I had a major operation just over a week ago which had some complications. I had to stay in hospital for three extra days and was very poorly.

During the these six days my brother didn't visit, call or even text to see how I was. He finally called after our mum effectively told him to call me.

I'm now home and have been for five days, he lives literally around the corner from me. No call, text, visit or offer of 'do you need anything'.

His wife has called but she has a lot going on with her own family illnesses so appreciate her contact.

I'm on my own so the brunt of getting stuff done has fallen on my mum who is in her 70's and not in the best of health. We're both close in age, he's fit, healthy and works regular hours.

I feel so hurt that he has no interest in how his own sister is after a serious op. I don't expect much, just a 'how you doing'.

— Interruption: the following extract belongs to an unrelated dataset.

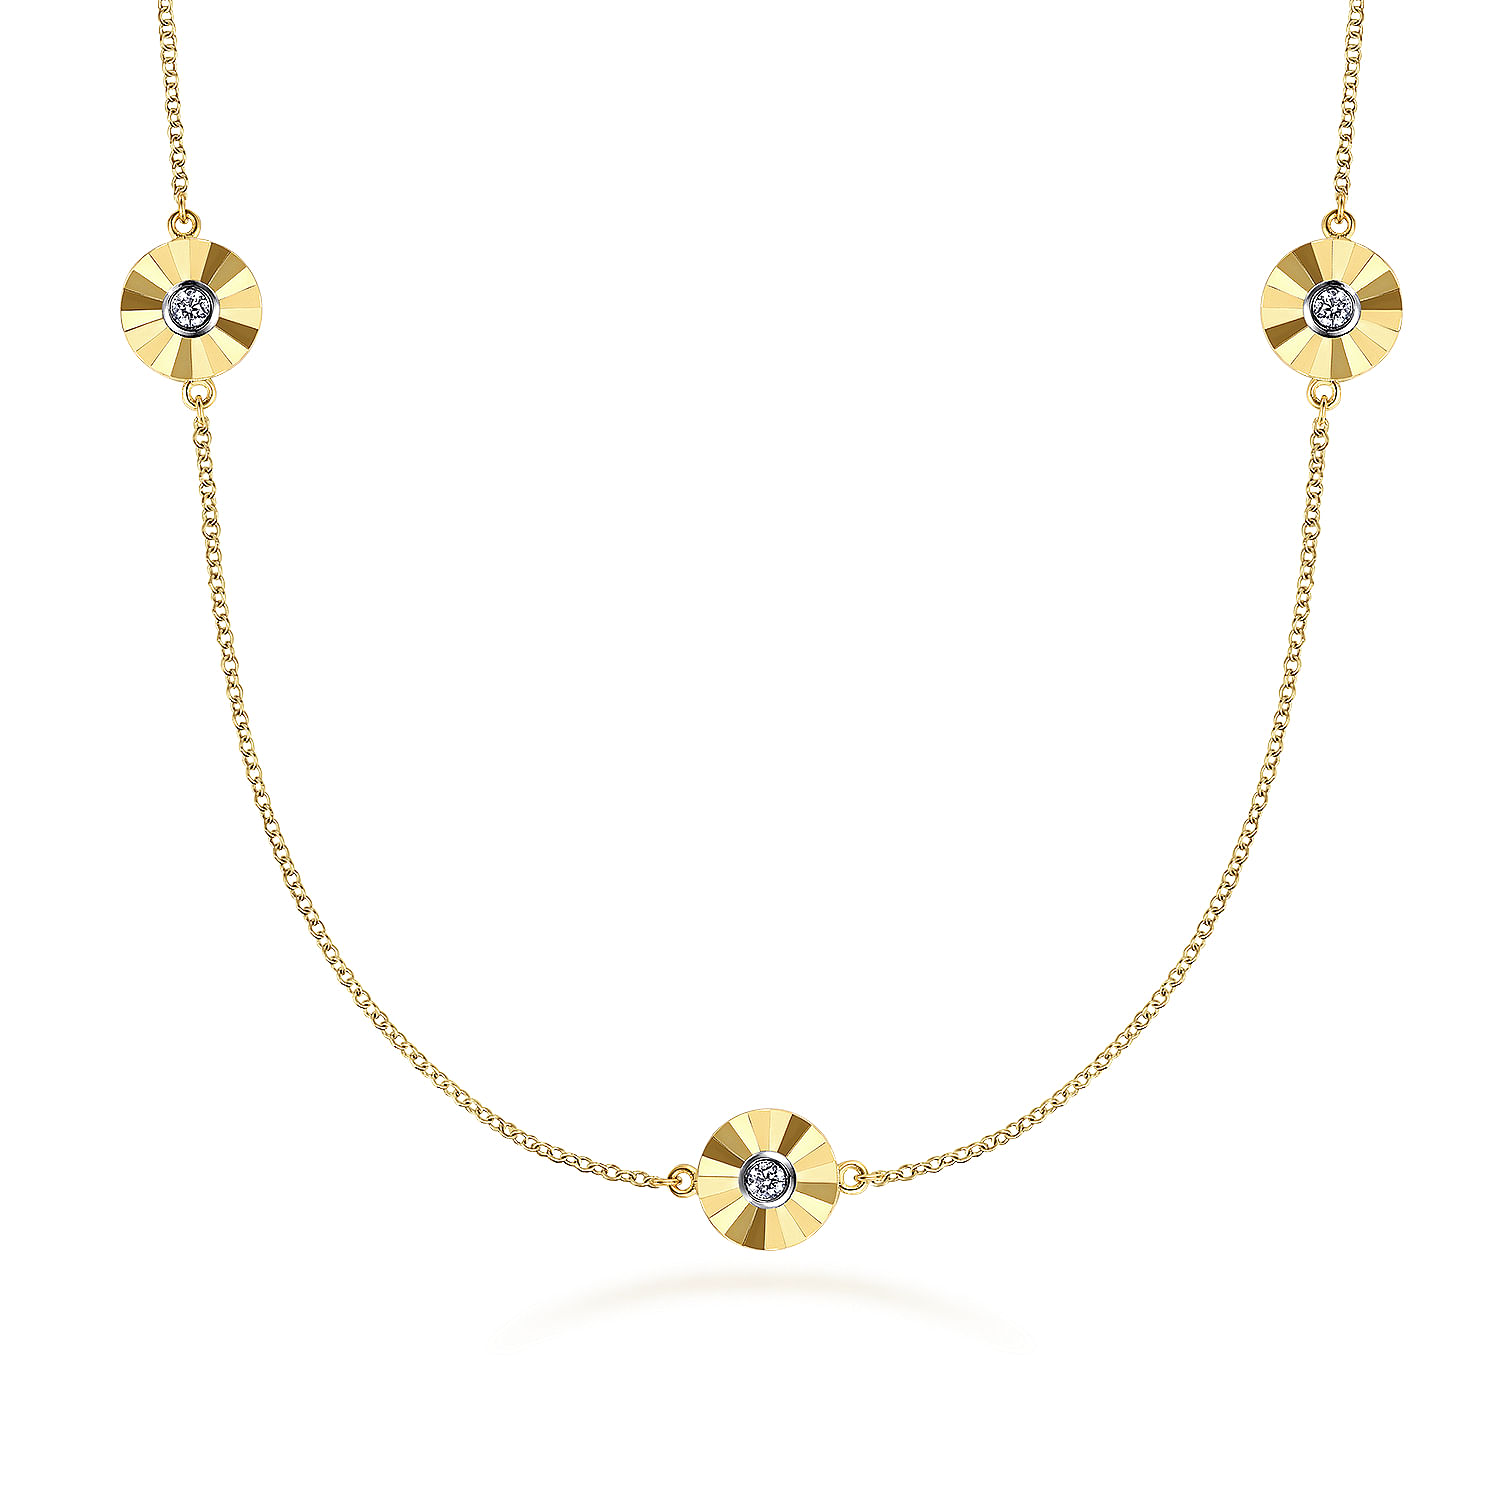 14K White and Yellow Gold Station Necklace with Diamonds

I'm thinking of sending a passive aggressive text to him but he's so hot headed he'll turn it round to make me look like the bad guy!

WWYD?

PotteringAlong Fri 30-Oct-15 09:22:37

But his wife has called; he knows how you're doing. Does it really need both of them to contact you so you can repeat the same thing to two people in the same household?

Wolfiefan Fri 30-Oct-15 09:24:34

Perhaps he's busy supporting his wife with her family illnesses?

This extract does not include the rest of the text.